Recently, I’ve been looking at ways for my mother to get into gaming in a more involved way than she currently is. You know, the usual joining in if someone else insists, as part of a multiplayer effort, for "Just a minute or two". The problem is getting her into a game that she likes, which with many of the games on the market being explosion-fests or shooting whilst doing tricky jumps over lava, makes it difficult to find something she could and would want to play.
To my feeble stereotype-laden mind, the things ladies of a mature persuasion enjoy are card games, puzzles and anything with a minor gambling feel without actually risking anything, and there’s not much out there that fits that description.
Puzzle Poker is a card based puzzle game that uses the hands of poker, which means anyone that’s managed to see a televised World Series of Poker tournament will instantly understand what I am talking about. With 25 cards laid out into a 5×5 grid, players must move the cards (in a sliding manner only, no lifting cards off the table here) to form poker hands going in rows or columns against the clock. The higher the poker hand, the more chips you can get when you cash your cards. For people that do not have a clue what hand beats whatever hand, the hand order can be displayed to check their values, and your possible score for each row or column is updated every time you slide some cards, which means that over time players will gather what the best hands and strategies are. Heck, for those that don’t even look at the stats board during play, large bars hover over the card lines when there’s a scoring hand, the more red the better.
In the Casual and Advanced modes, you get a time bonus depending on how early you finish the hand, but it does allow an element of risk. Is it better to cash now and get a larger time bonus, or to persevere and get better hands on the table but get a lower bonus. In Unlimited mode, you do not have this question to think about, but it does give you a chance to try and get the highest possible poker hands in a more relaxed way.
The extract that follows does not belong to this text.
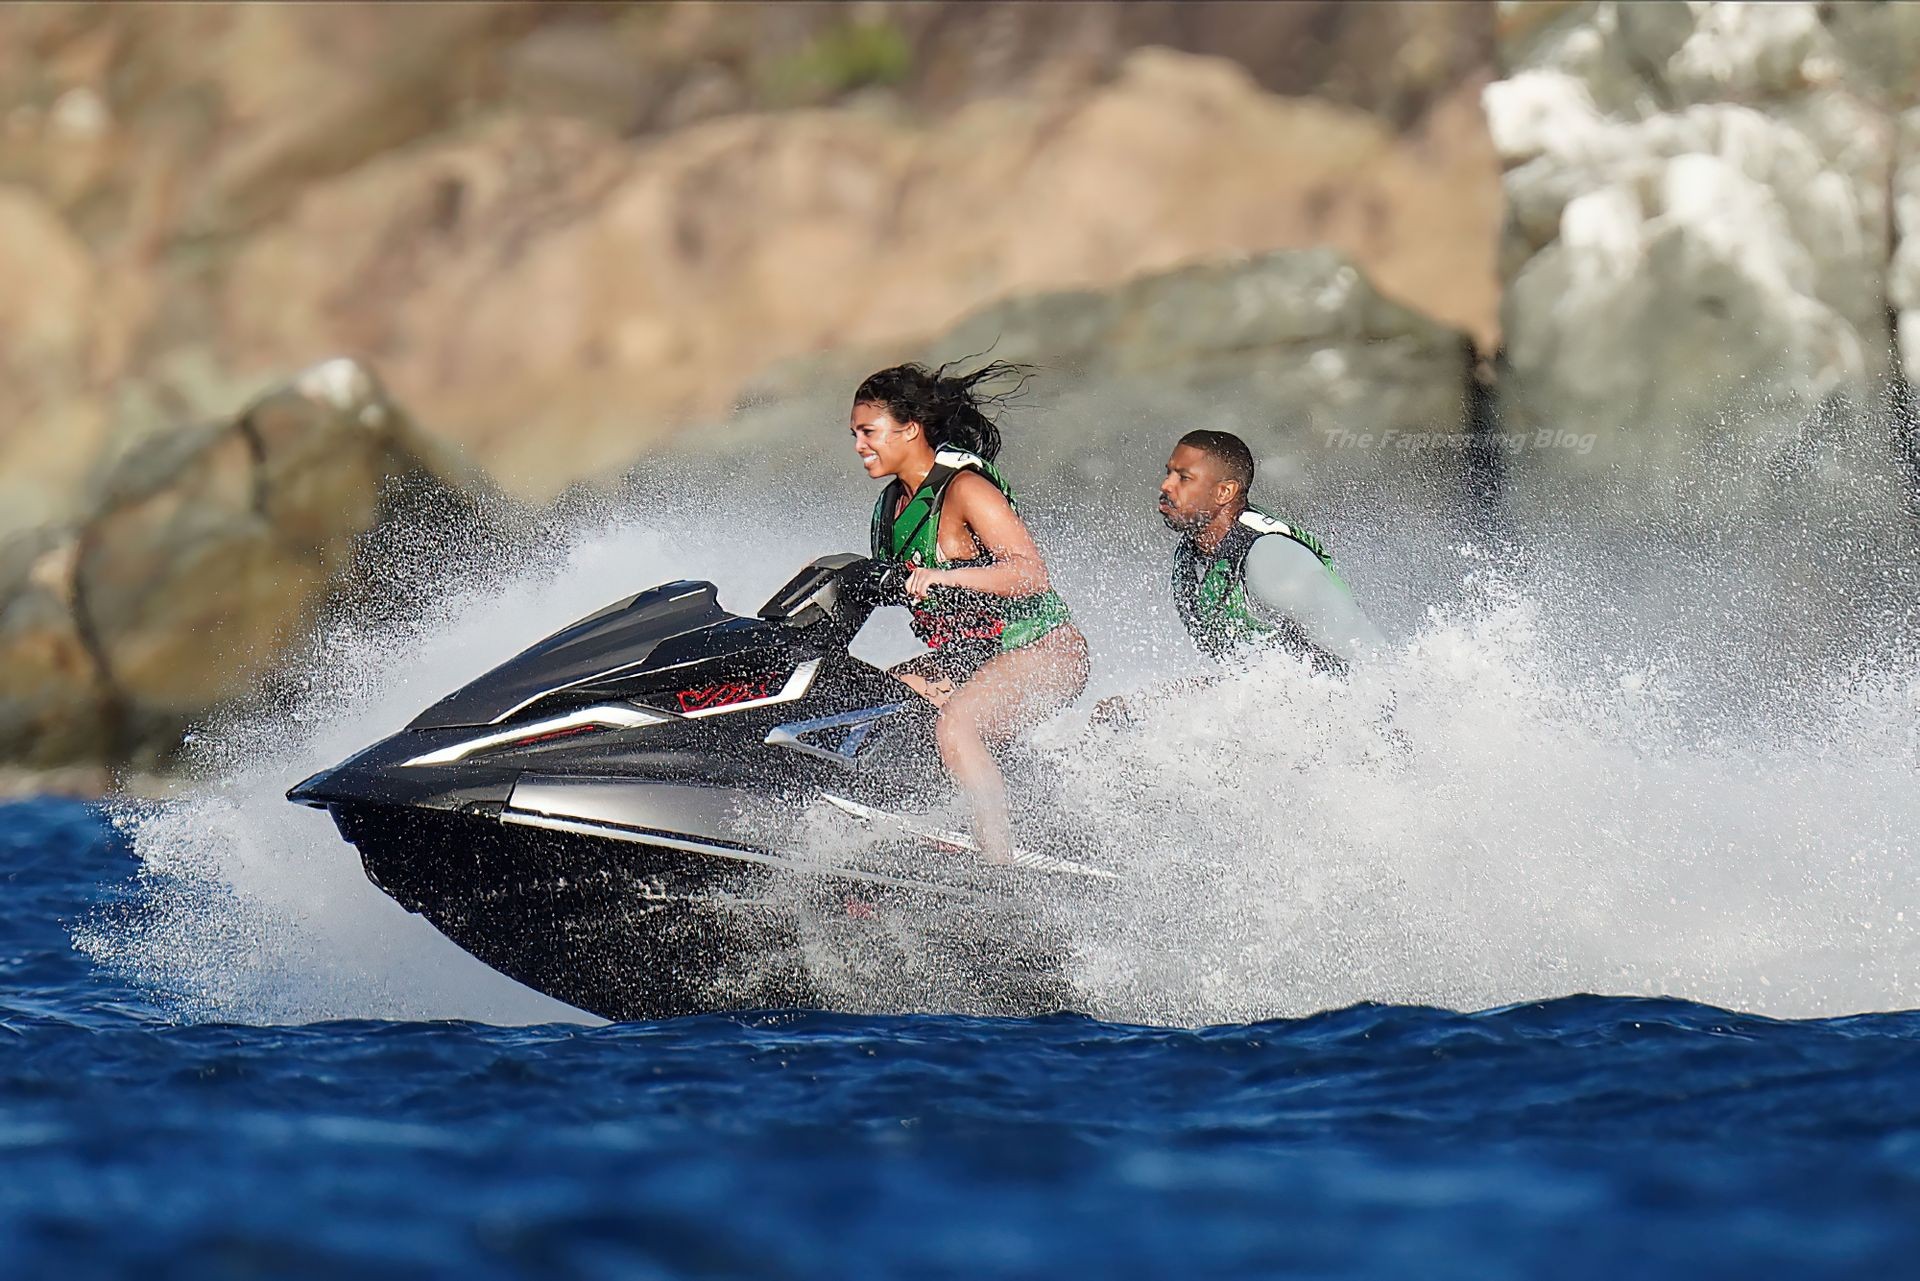 Michael B. Jordan & Lori Harvey are Seen While Holidaying on a Yacht in St Barts (38 Photos)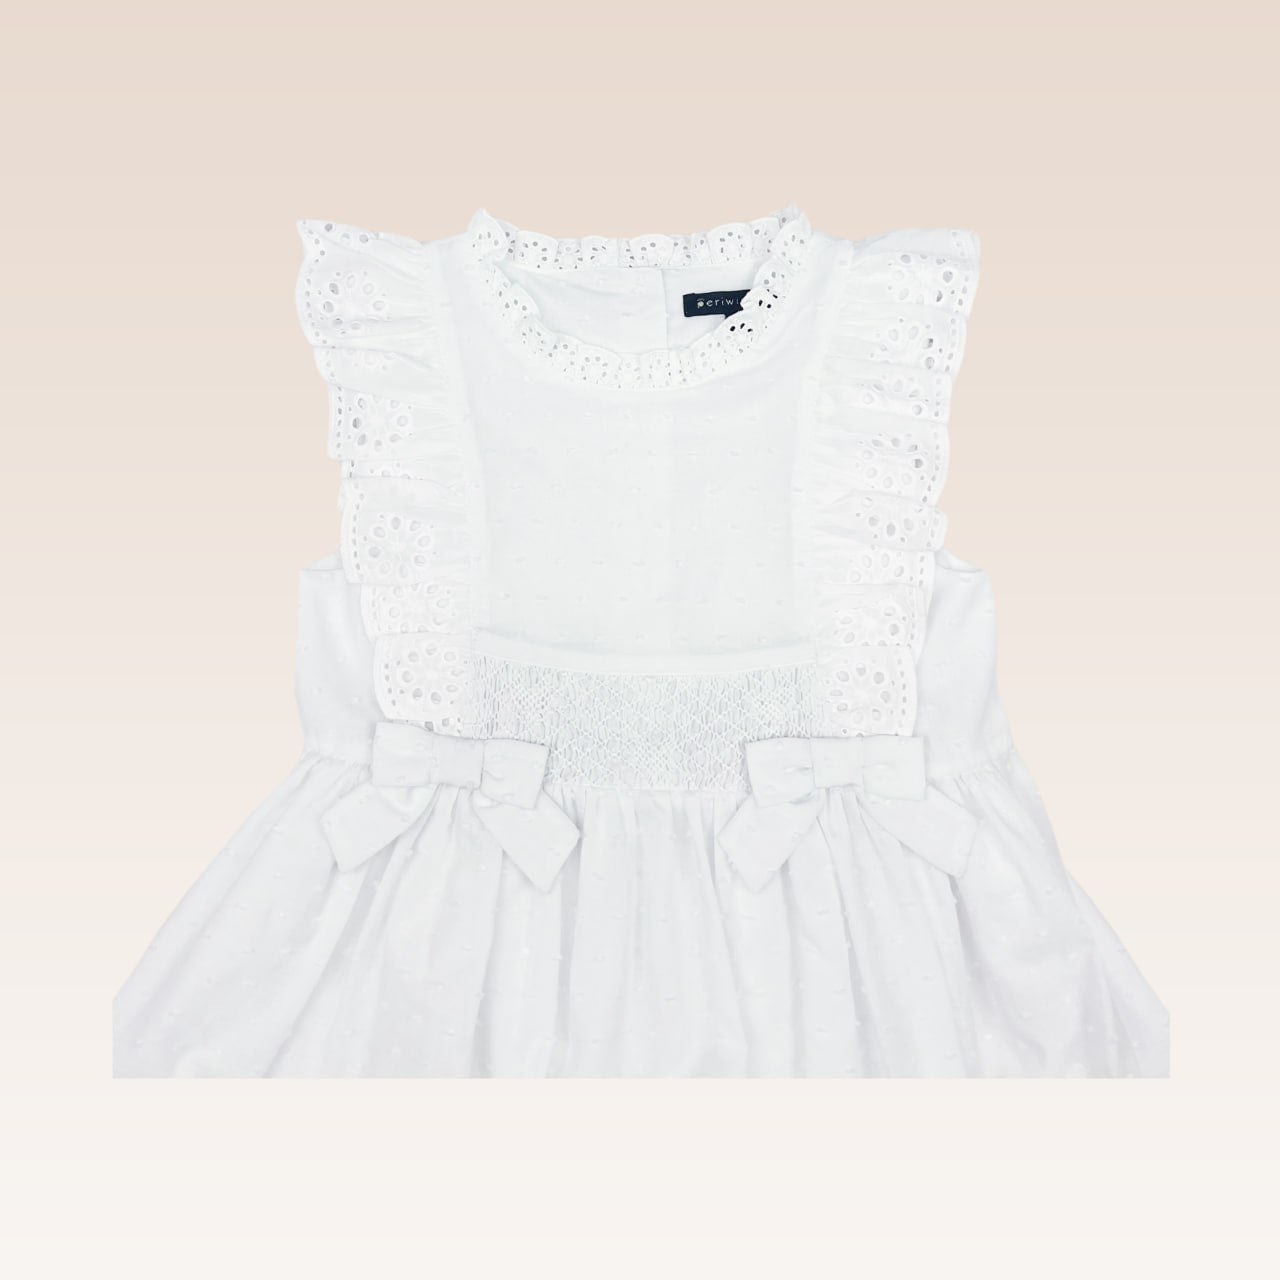 Felice White Dress with Smocked Waist and Trim Details

In all modes, you have a target to reach in terms of chips that you must reach within a certain number of hands, earlier completion garners a large bonus as you would expect.
Obviously it’s a single player game, but there is an element of competitiveness from the Clubhouse feature (Puzzle Poker’s way of managing groups of people. Think of it like joining a clan. A very relaxed clan, with cushions and knitted jumpers…), where your scores are uploaded to a central scoreboard, allowing you to compare your highest hands against other people, be it worldwide or just against those in the Clubhouse you belong to. It does give you an incentive to play more, for me it’s because I don’t want to have a lower score than my own mother.
There are a few small problems though, such as the fact that I can only join 1 clubhouse (I may want multiple clubhouses, so my aforementioned mother doesn’t have to see that I’m playing against other people). Checking the web-based stats, I can see my own stats on the top 100 players page, the clubhouse page, but when I click on my own name, I end up on a page which is "tbd" (To be determined), which shows it as a work in progress but could be promising. It would be interesting to see what extra clubhouse features get added once there’s more people playing the game.
Generally, I find Puzzle Poker to be a highly addictive game that has managed to take away too much of my time for it to be healthy, and it has become possibly my mother’s favourite game at the moment. Partly because she’s as addicted to it as I am, partly because she doesn’t have to worry about headshots.